Gulag-Guantanamo (2)

                      

WASHINGTON ‑ Während US­-Präsident George W. Bush auf seiner Südasienreise große Ziele verfolgte, braute sich im heimischen Washington erneut dunkles Gewölk zusammen. Nach vierjähriger Geheimhaltung musste das US-­Verteidigungsministerium die Namen hunderter Guantanamo‑Häftlinge offen legen. Das Pentagon war auf Grund einer Klage der Nachrichtenagentur The Associated Press (AP) per Gericht dazu verpflichtet worden. "Das ist ein Durchbruch im Bemühen, die Geheimhaltungsstrategie der US­-Regierung zu beenden", erklärte die Menschenrechtsorganisation Human Rights Watch.

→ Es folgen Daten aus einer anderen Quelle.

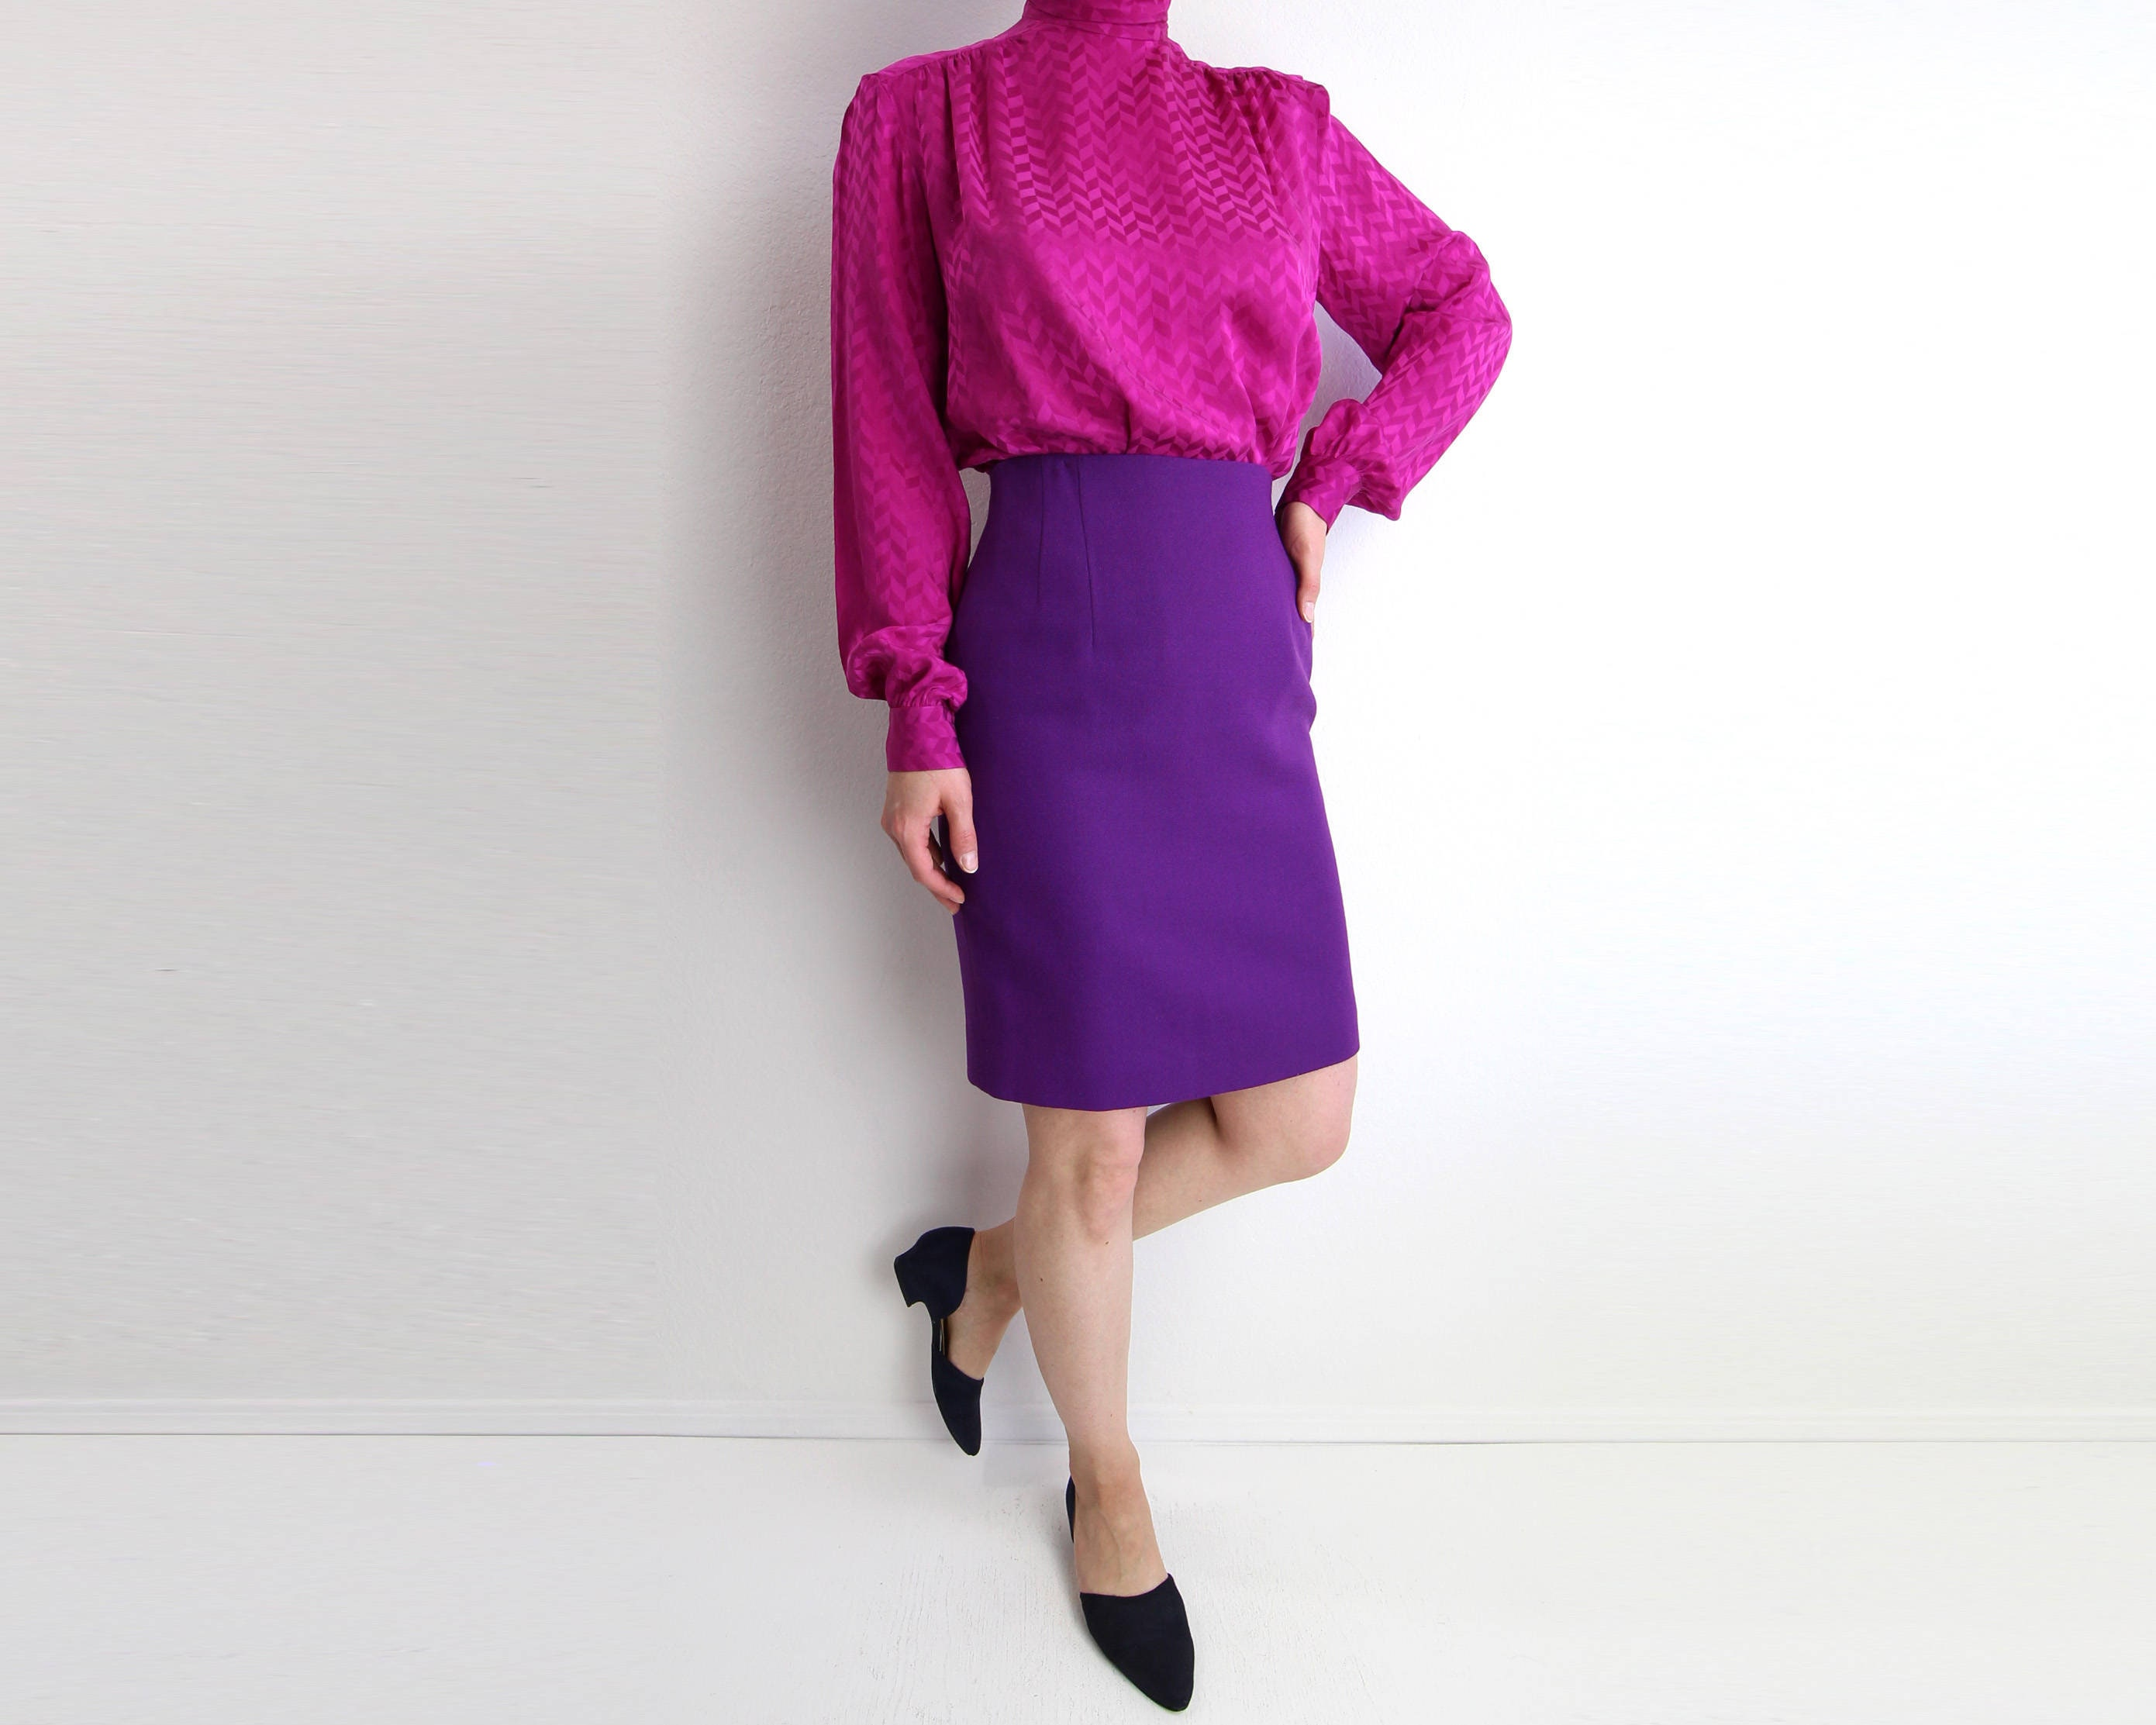 b99404b56ae Vintage Skirt Purple Skirt Pencil Skirt High Waist Short Wool Womens ...

Washington hatte die Preisgabe der Namen mit dem Argument verweigert, dadurch werde die Privatsphäre der Betroffenen verletzt, sie und ihre Familien würden in Gefahr gebracht.

 

In Bedrängnis geraten dürfte nun aber erst einmal die US‑Regierung, nachdem AP erste Auszüge aus den Verhör‑Protokollen druckte. Beispiele:

 

Der Brite Feroz Ali Abassi beschwerte sich schriftlich, Militärpolizisten hätten vor seinen Augen Sex gehabt, um ihn vom Beten abzulenken. Er versuchte in den Anhörungen zu begründen, warum er als "Kriegsgefangener" und nicht als rechtloser "Feindlicher Kombattant" behandelt werden müsse. Reaktion des US‑Offiziers: "Mr. Abassi, Ihr Verhalten ist inakzeptabel, und dies ist die letzte Warnung an Sie. Ich kümmere mich nicht um das Völkerrecht", so das offizielle Protokoll.

 

Viele fühlten sich in den Verhören hilflos: Der Afghane Mohammed Scharif soll als Wächter in einem Taliban‑Lager gedient haben. Er sagt, er sei von den Taliban zur Arbeit gezwungen worden. Aus Angst vor Repressalien gegen seine Familie sei er nicht geflohen. Auf seine Frage nach Beweisen hieß es: "Was könnten Sie möglicherweise getan haben, dass wir entsprechende Fakten entdecken?" "Das ist es ja gerade", erwidert er. "Es gibt keine Fakten, das ist lächerlich. Ich weiß nur die Tatsache, dass es keine Beweise gegen mich gibt."

 

Quelle: Lübecker Nachrichten vom 5./6. März 2006 ("Protokolle rücken das Pentagon in schiefes Licht") - Hervorhebung vom Bearbeiter.